**RAW DATA**:
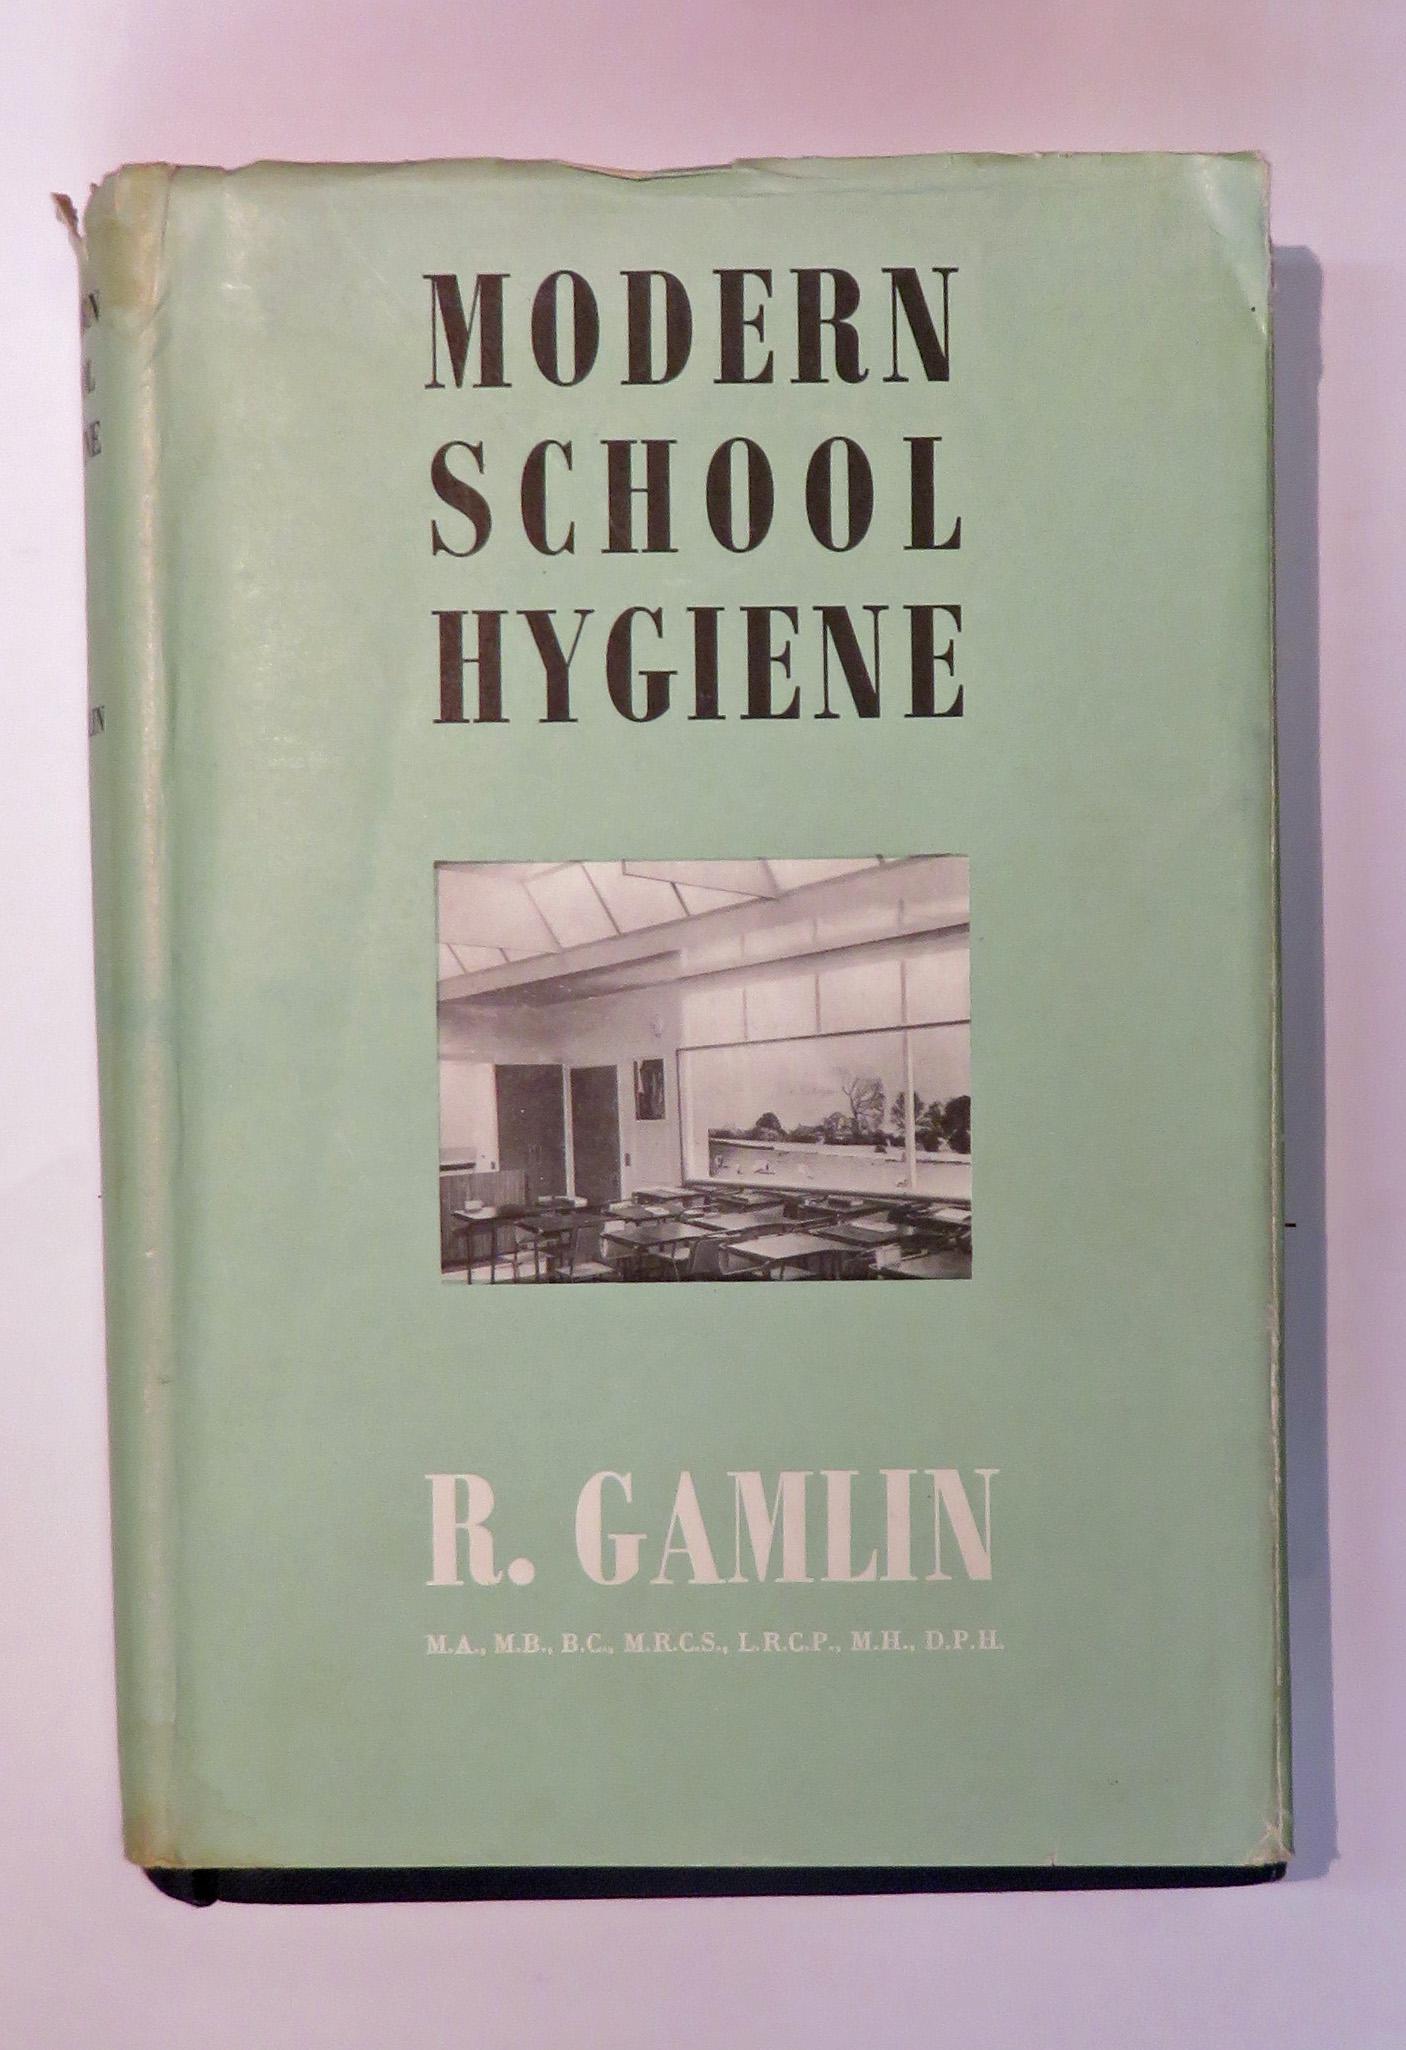 Modern School Hygiene
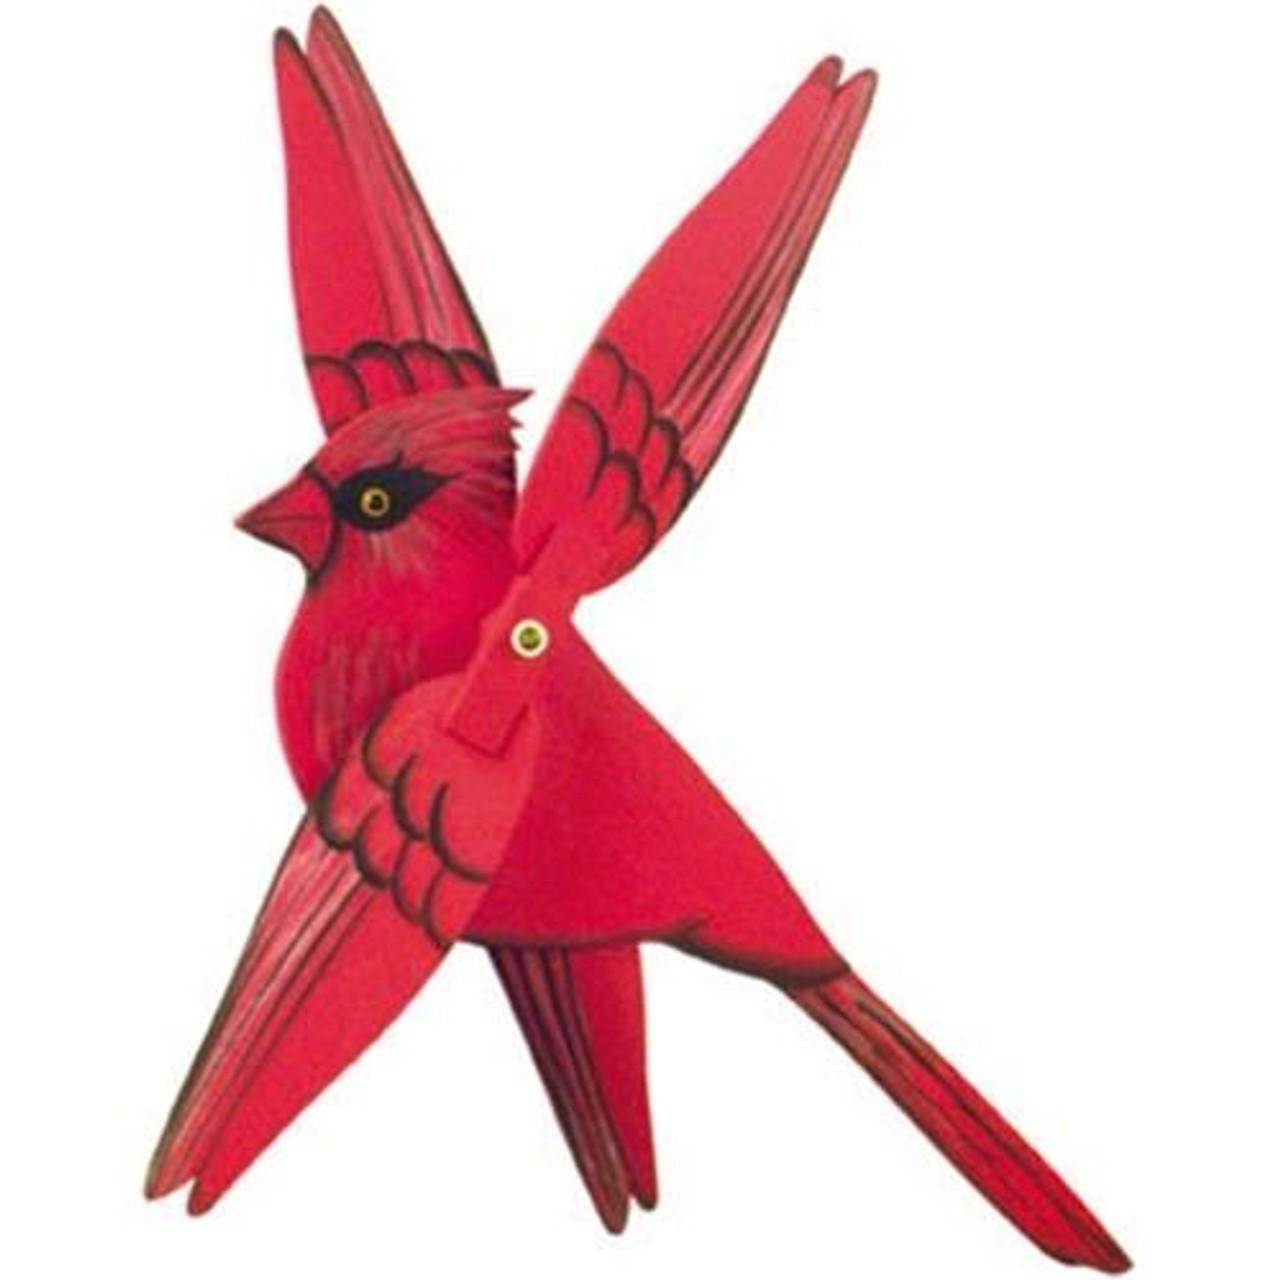 Cherry Tree Toys Male Cardinal Whirligig Hardware Kit
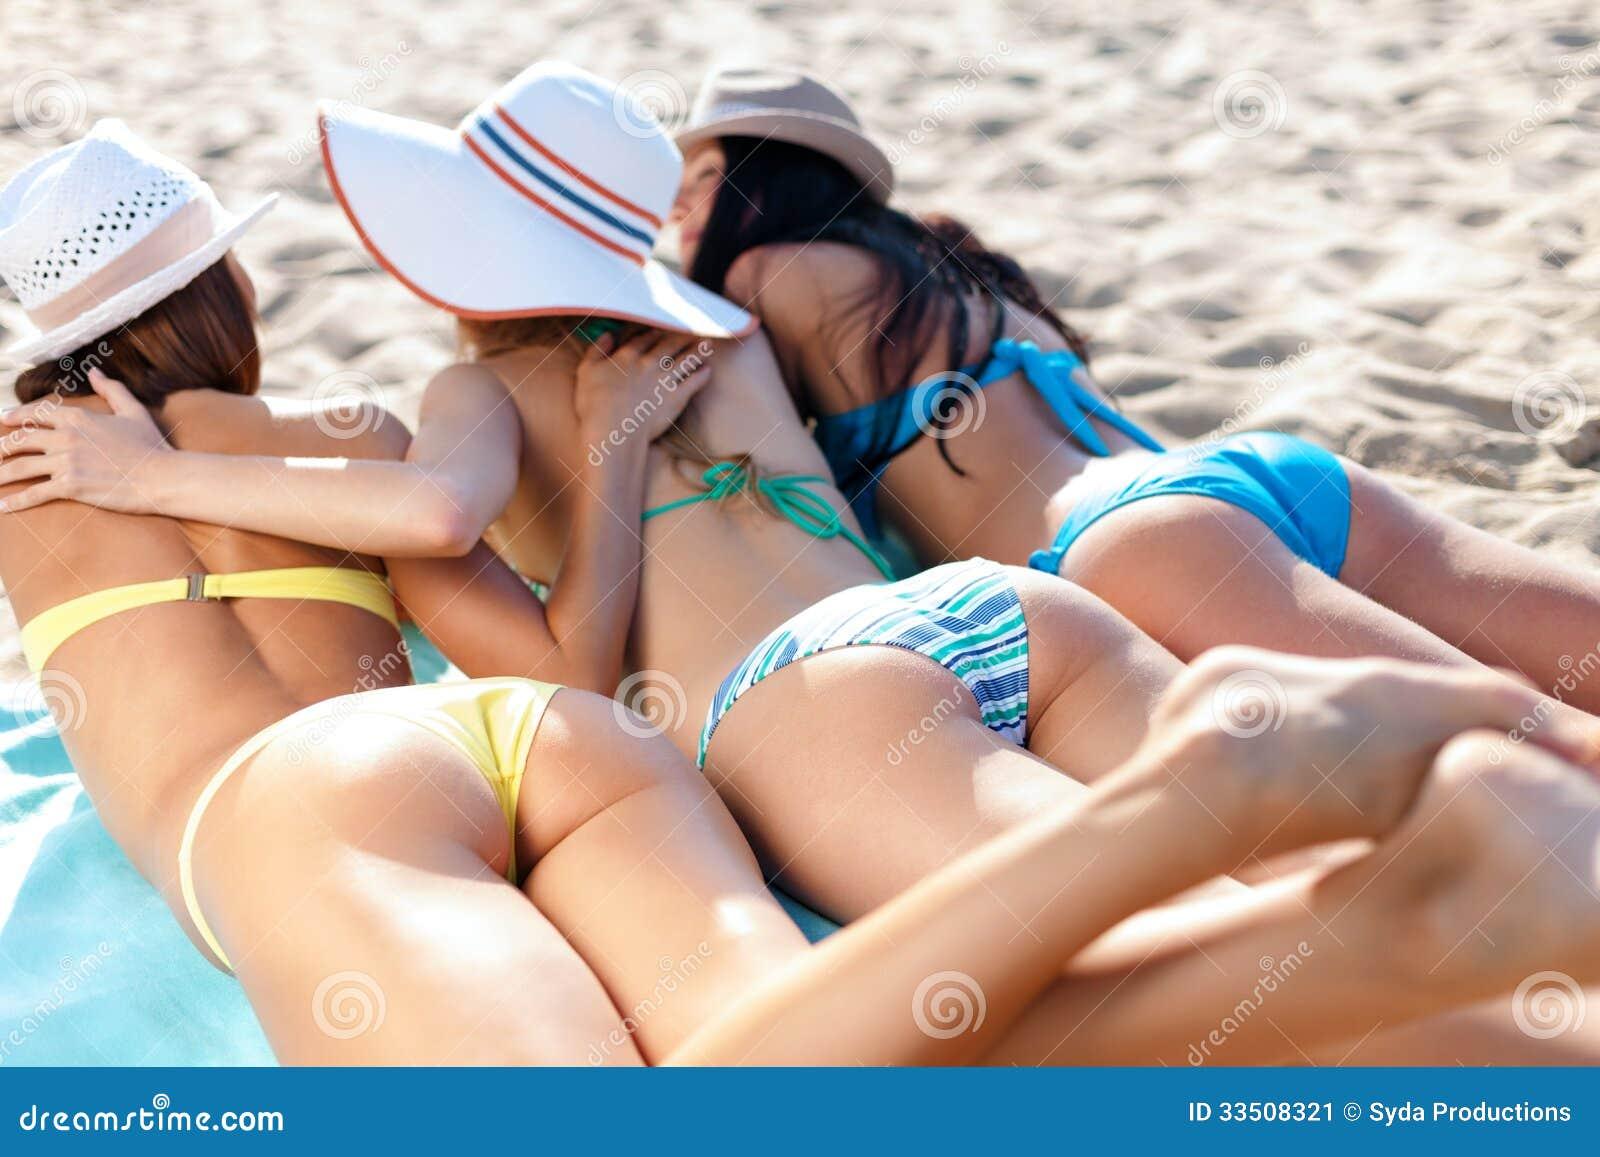 Sunbathing photos pics 92

**WHAT TO WORK ON**: Output the listing word for word. Drop the pictures.

**EXERCISE RESULT**:
 Modern School Hygiene
 Cherry Tree Toys Male Cardinal Whirligig Hardware Kit
 Sunbathing photos pics 92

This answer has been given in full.